Unfortunately, he (taxi-driver, not Jesus - I think) dropped me in the pouring rain absolutely nowhere near the place I'd asked him to, so that I had to ruin my turquoise boots stomping around in the rain trying to find the place, but hey, that's life.
Ruining the turquoise boots is probably a sign. In the words of my favourite film, "it's a sign by any standards". It's certainly a sign that I should do what my husband tells me.

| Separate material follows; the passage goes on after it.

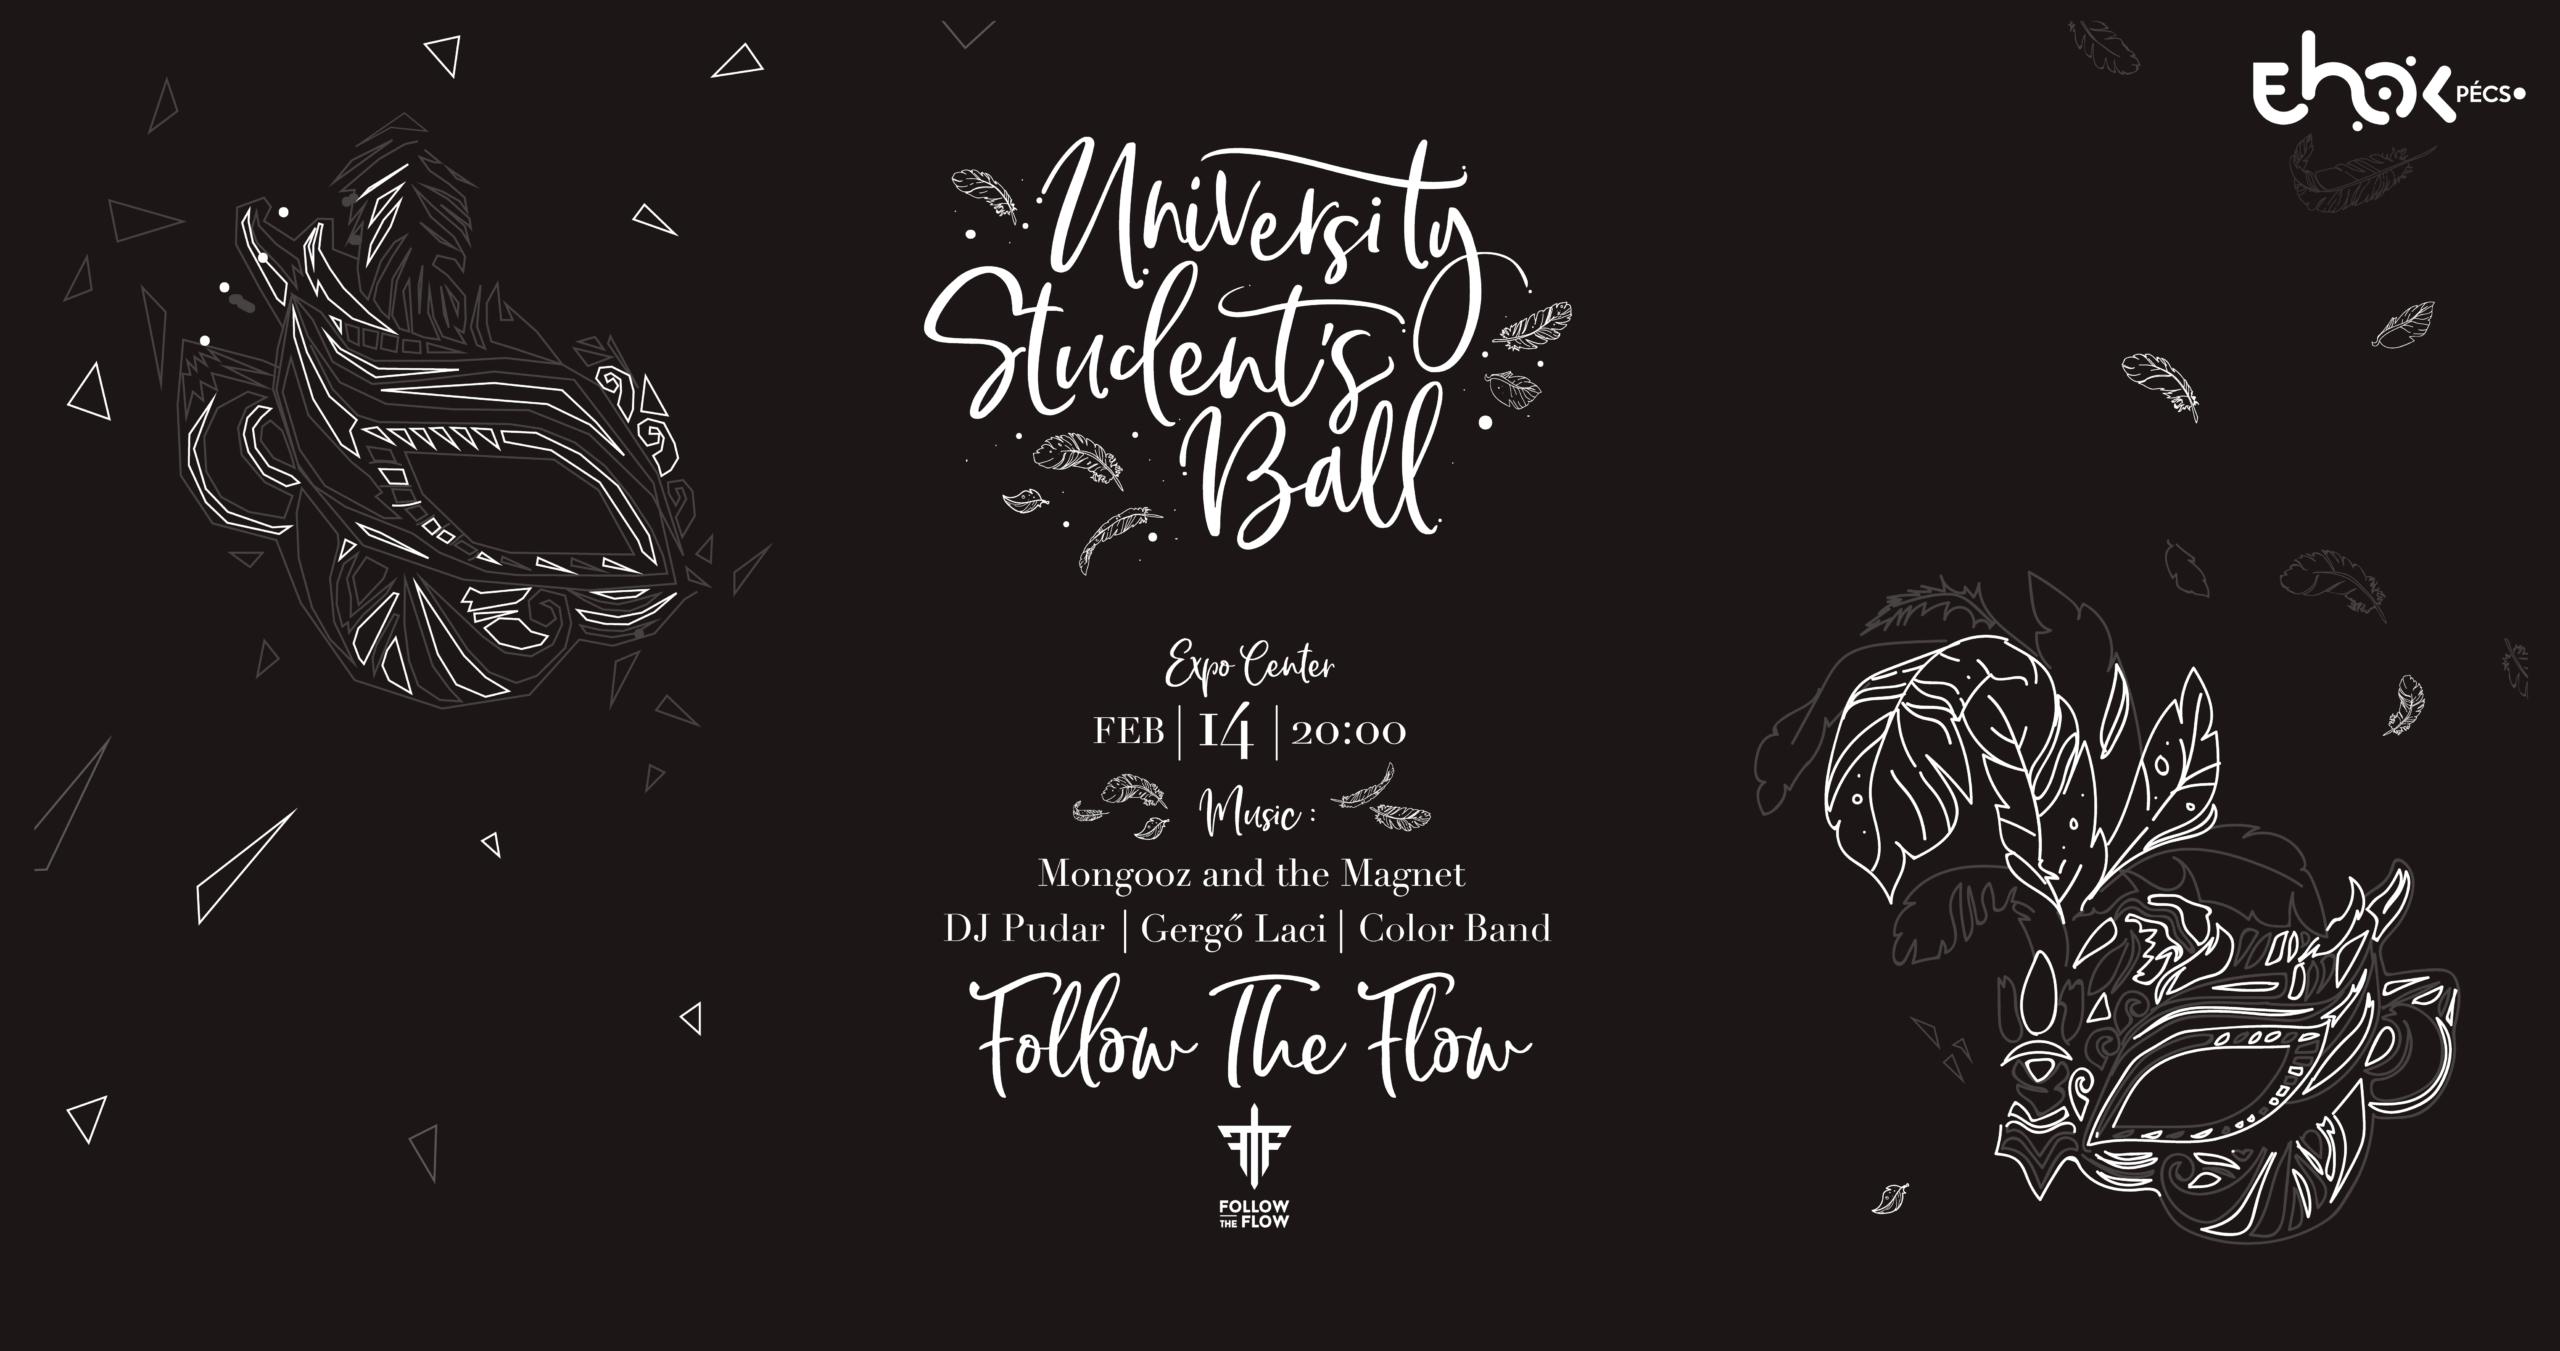 PTE University Student's Ball 2020 ✘ Follow The Flow 02.14.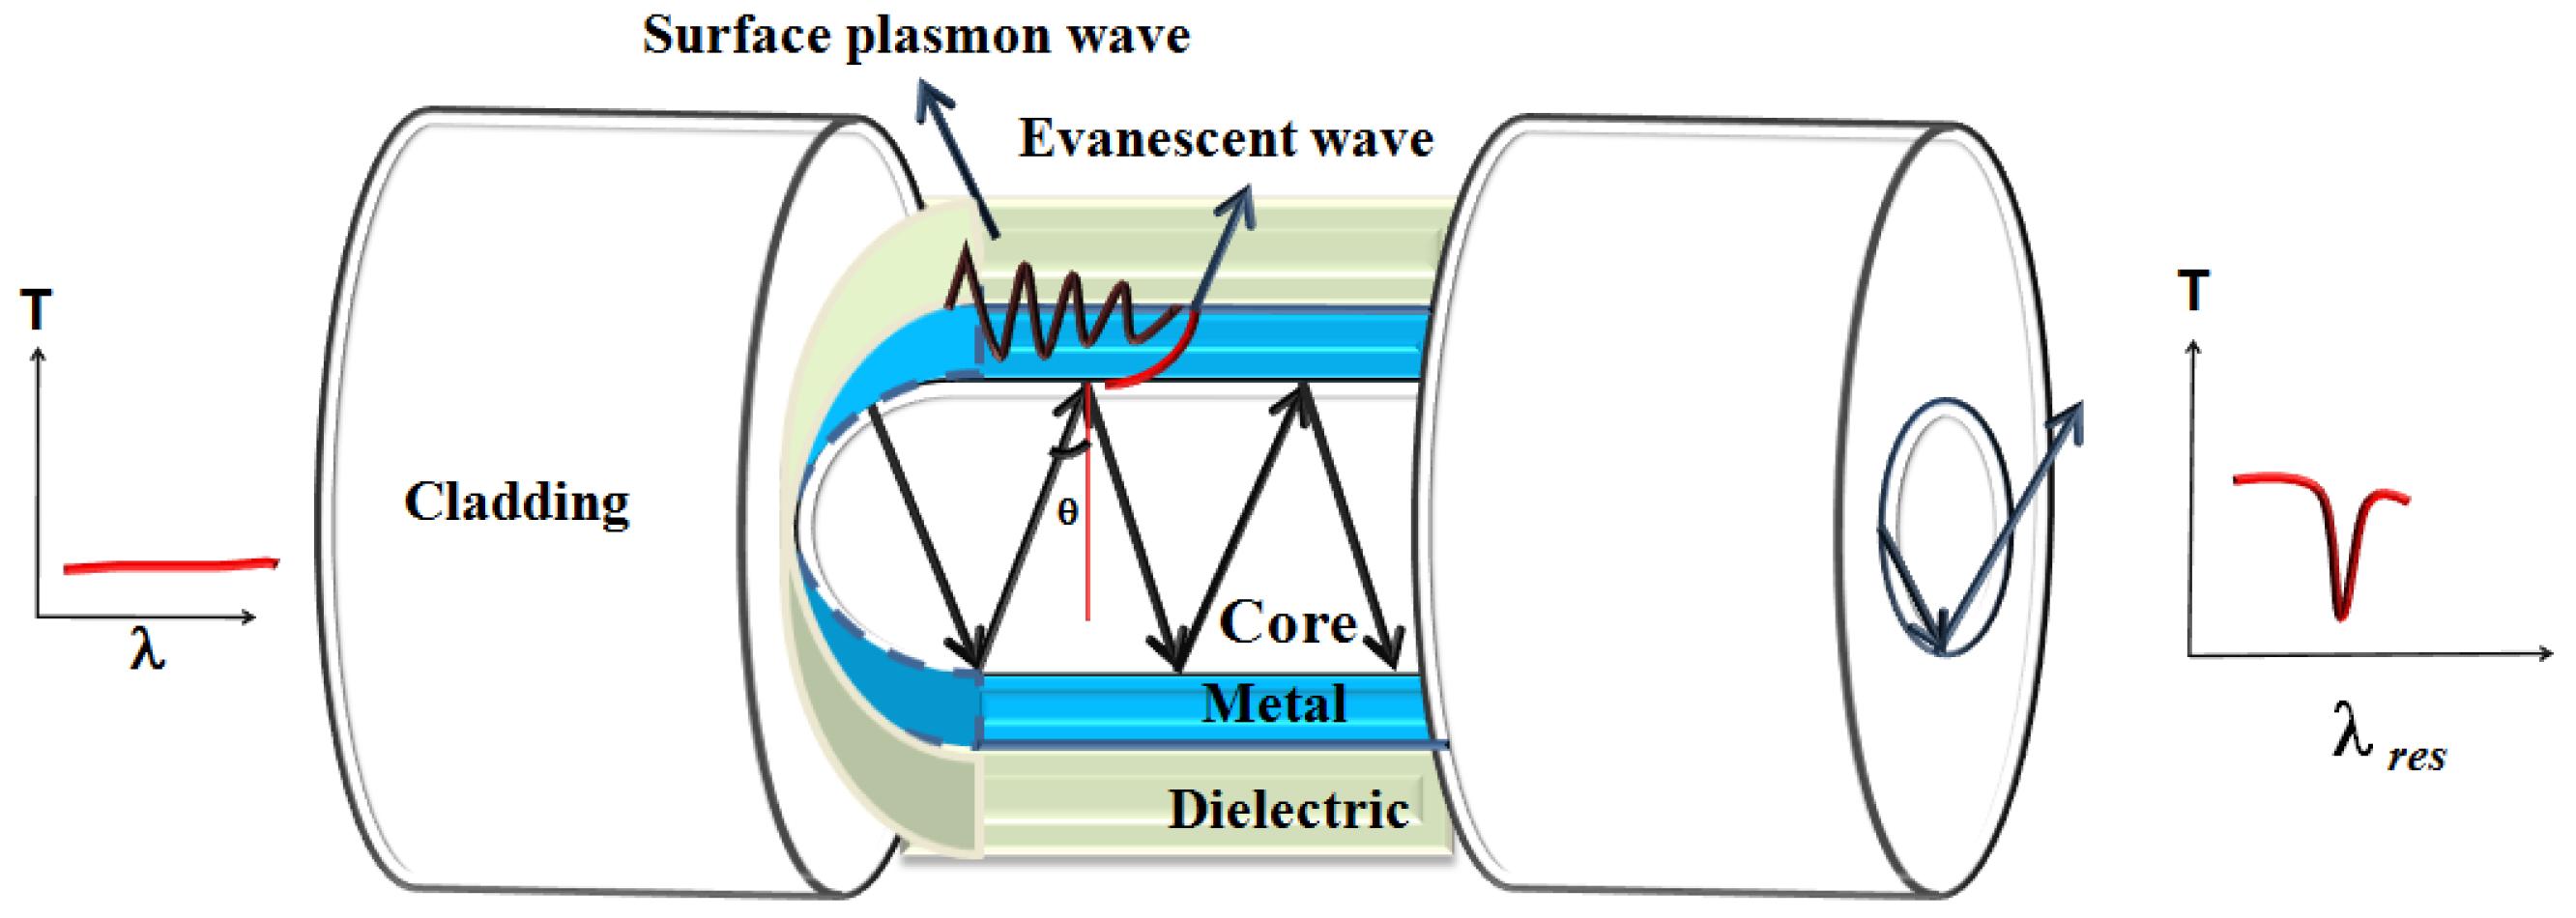 Sensors Free Full Text Surface Plasmon Resonance Based Fiber Opto 22 Ssr Wiring Diagram 16 01381 G002

I am left with one niggling doubt after this encounter. And I don't think it's a question I'll ever know the answer to. What do you think - did Jesus pay his fare or was he free-loading?
Saturday, December 01, 2007
Thursday, November 29, 2007
Of boots, escalators and photographers
I have always adhered to the motto "Be prepared". And now I know I was right.
I had to go to London, for various reasons including a Times interview and extraordinary photoshoot. This was to take place in a fake dungeonesque place in a museum, after dark, in Docklands, and a load of people had gone to extreme lengths to set it up. So there was no possibility of chickening out.
Anyway, 7am train from Edinburgh, into King's Cross, across to Liverpool St, left my suitcase in L'pool St, got the train out to Essex, did a school talk, back on train into L'pool St. Decided, in my infinite wisdom, not to collect my luggage but to leave it there while I rushed to Docklands for the photoshoot, because Paul, the nice-sounding photographer, had already been waiting a long time and probably wanted to go home, because Paul, unlike me, has common sense.
So, I hurry onto the Underground in the middle of rush hour. I can do this - I am strong and fit and I used to live in London. A long time ago. Before Docklands existed. I get to Bank and I hurry through more crowds to the Docklands Light Railway. I am slightly concerned, as I have not been on it before and it could very easily be dangerous. There are, however, no warnings about the type of danger I am about to encounter.
As I step onto the escalator, my foot kind of slides gently and undramatically from under me and I almost fall. But, being strong and fit, and desperate not to be uncool, I don't fall. I try to put my foot down again, but it doesn't seem completely to be there. This is a disconcerting feeling, as, last time I looked, it was. However, I look behind me and see an object sitting at the top of the escalator as I rapidly leave it behind. I put two and two together and realise that the heel has come off my boot.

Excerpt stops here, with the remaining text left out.